** Opening Data excerpt block **

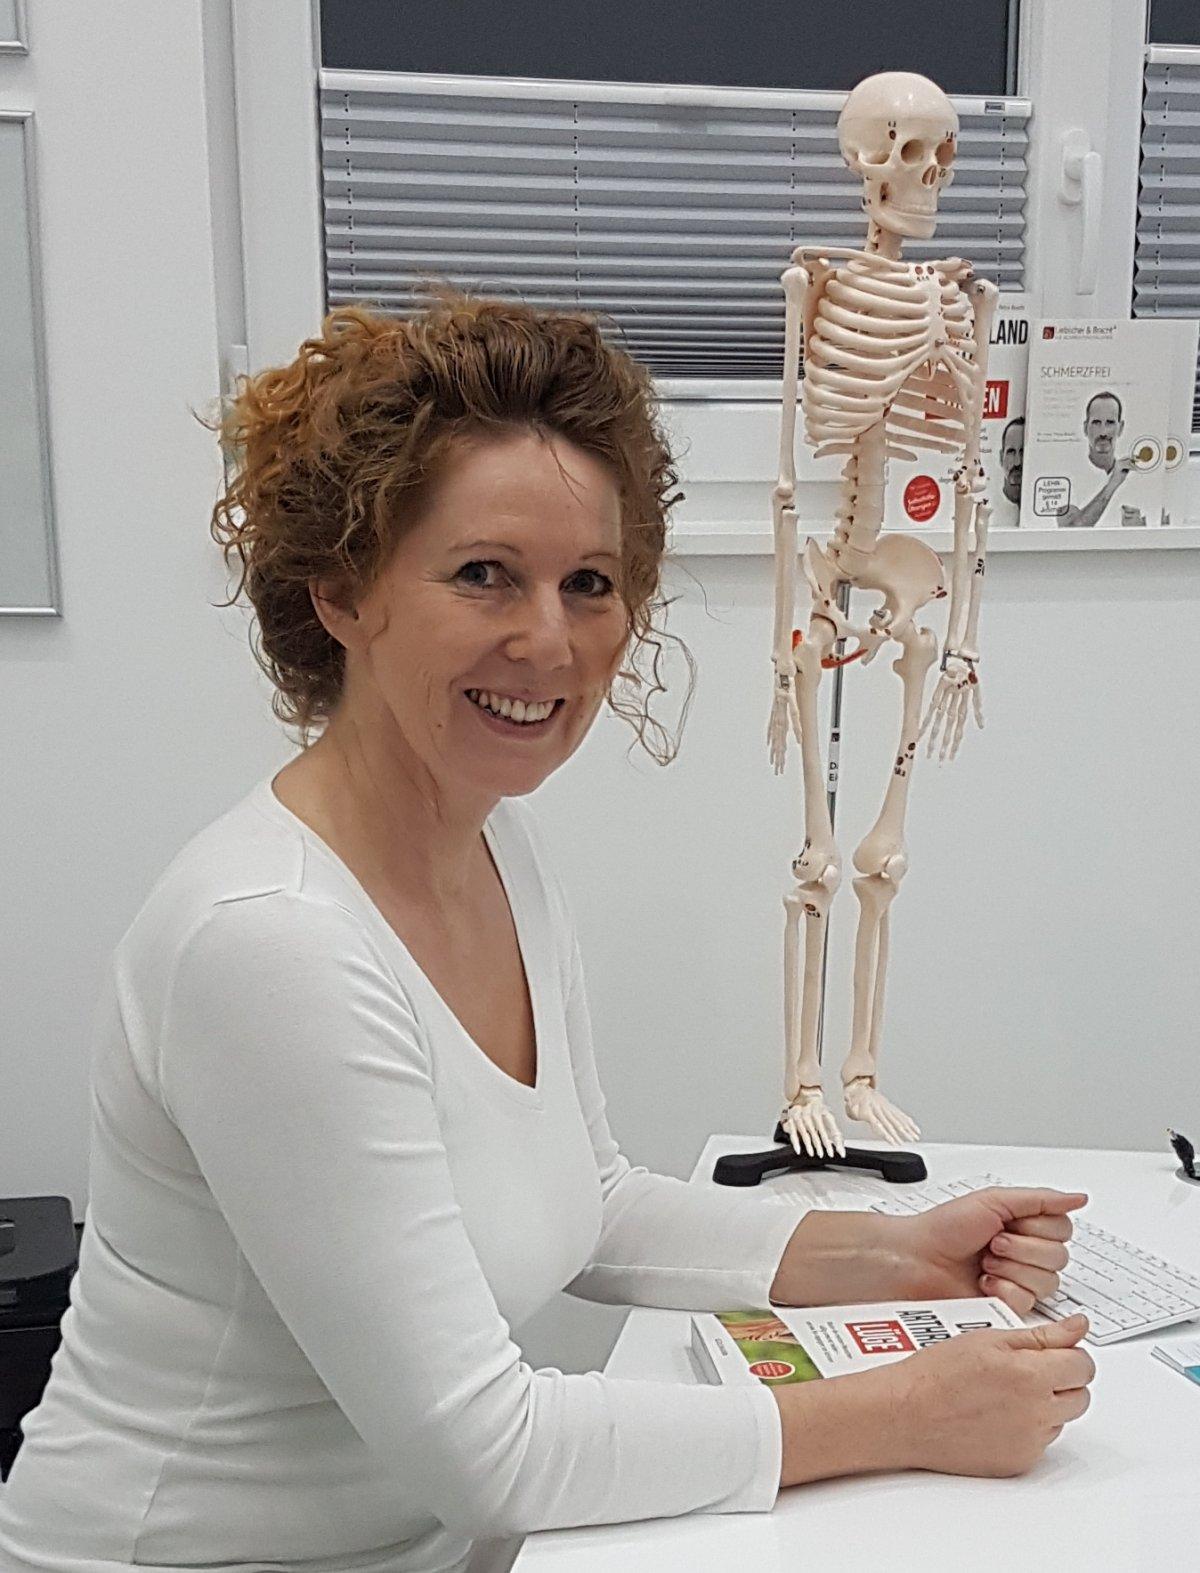 Das Foto zeigt die Heilpraktikerin Daniela Eisenhardt sitzend an einem Tisch. Im Hintergrund steht ein Modell Skelett und zwischen ihren Händen auf dem Tisch liegt ein Buch von Liebscher & Bracht. Sie hat braune Locken, die sie zusammen gebunden hat und t
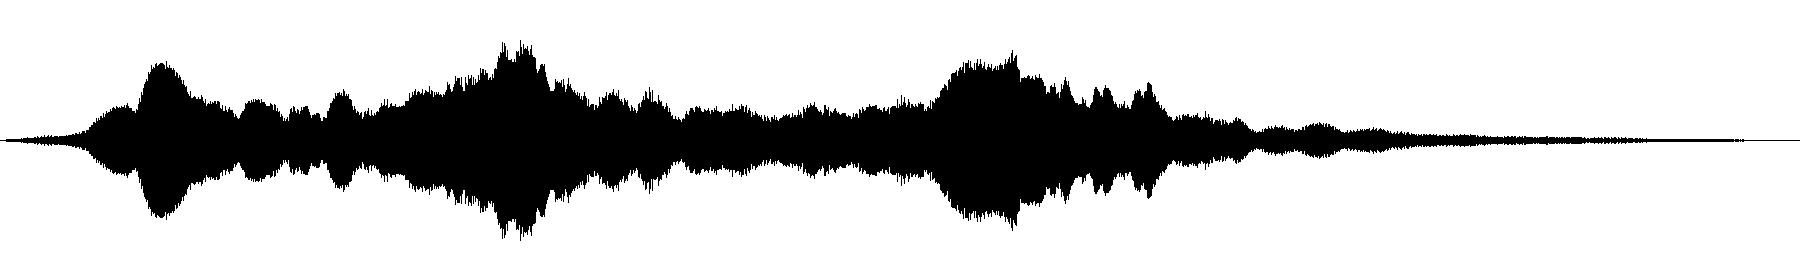 vfx1 atmos 58
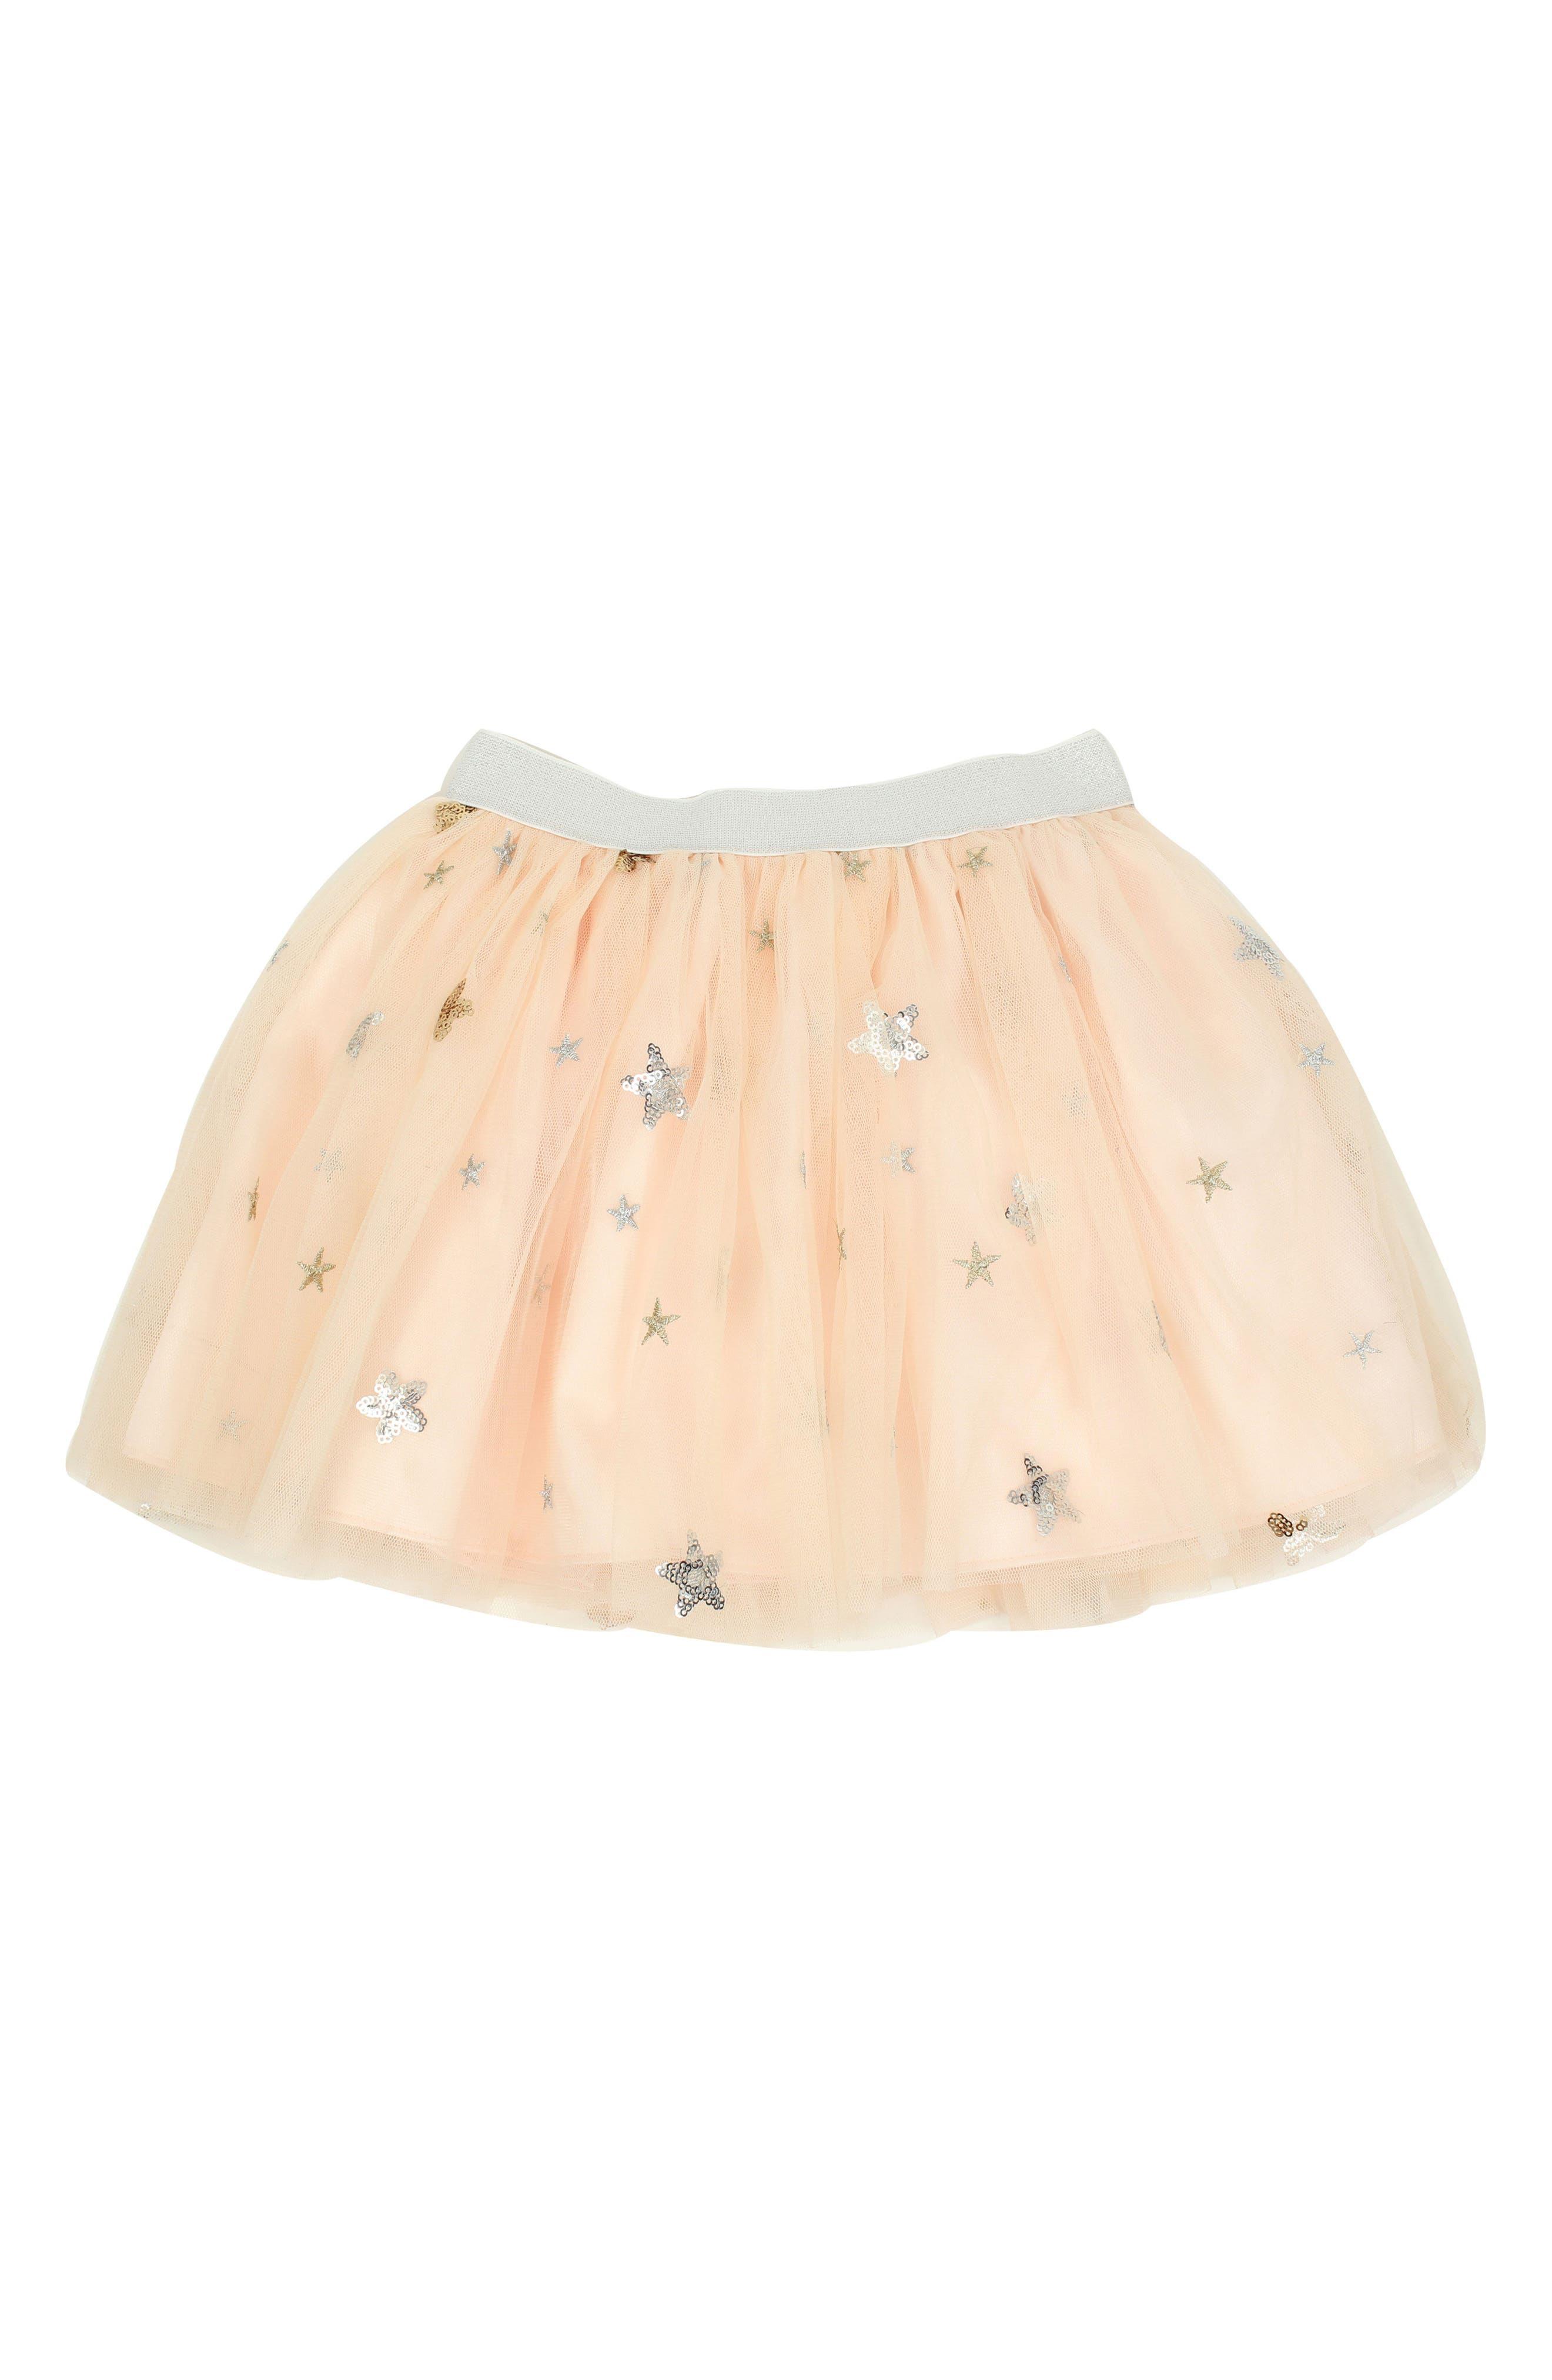 POPATU, Metallic Stars Tulle Skirt, Main thumbnail 1, color, PEACH

** Closing Data excerpt block **

Repeat the listing above exactly, omitting the pictures it contains.

Solution to this problem -
 Das Foto zeigt die Heilpraktikerin Daniela Eisenhardt sitzend an einem Tisch. Im Hintergrund steht ein Modell Skelett und zwischen ihren Händen auf dem Tisch liegt ein Buch von Liebscher & Bracht. Sie hat braune Locken, die sie zusammen gebunden hat und t
 vfx1 atmos 58
 POPATU, Metallic Stars Tulle Skirt, Main thumbnail 1, color, PEACH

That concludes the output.